The player has the ability to jog, climb, swim, and glide through an open-world park while controlling Claire, an anthropomorphic bird. To reach the peak, the player must find or purchase golden feathers that afford extra jumps and the ability to climb rock faces. According to a sign on Hawk Peak Trail, the peak can be reached with as few as seven golden feathers. Once the player reaches the peak, they are free to explore the park and complete side activities as they please.

In addition to the main goal, the island is populated with other animals, who offer side-quests and activities including fishing, finding lost items, and playing a volleyball-like mini-game called "beachstickball". Rewards for these activities include items which improve the player's ability to explore the park, such as running shoes or a compass. The player can also collect shells, sticks, coins, and other items to help complete these side-quests.

The game has an adaptive soundtrack that changes based on world events such as the weather, or player actions such as flying. It also features a dynamic camera created with the Unity tool, Cinemachine.

Plot 

The protagonist and player character is Claire, a young bird who spends her days off by traveling to Hawk Peak Provincial Park, where her Aunt May works as a ranger.

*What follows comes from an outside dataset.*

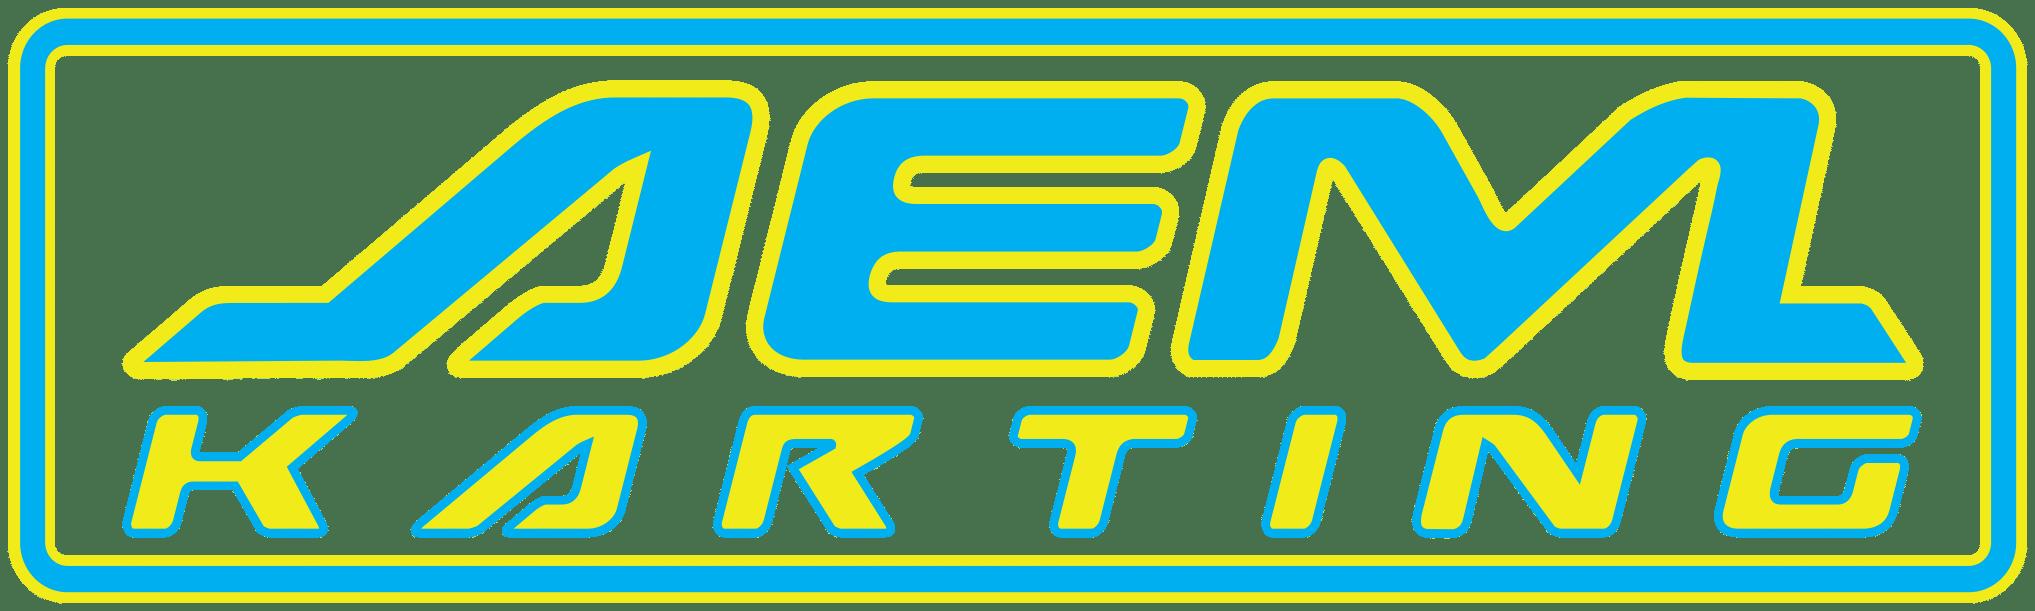 AEM Karting Mick Gabriel Racing

In an opening cutscene, Claire's mother drives her to a ferry that will take her to the park for the summer. When Claire arrives, her Aunt informs her that there's no cellphone reception in the park except for at Hawk Peak. Claire has never hiked the Hawk Peak Trail before, but is expecting an important call, so she decides to go to the summit. It is then up to the player whether Claire helps the other animals on the island or heads straight for Hawk Peak. A sign at the mountain's base warns it is a strenuous hike, and other characters will remark that the trail is too difficult for them.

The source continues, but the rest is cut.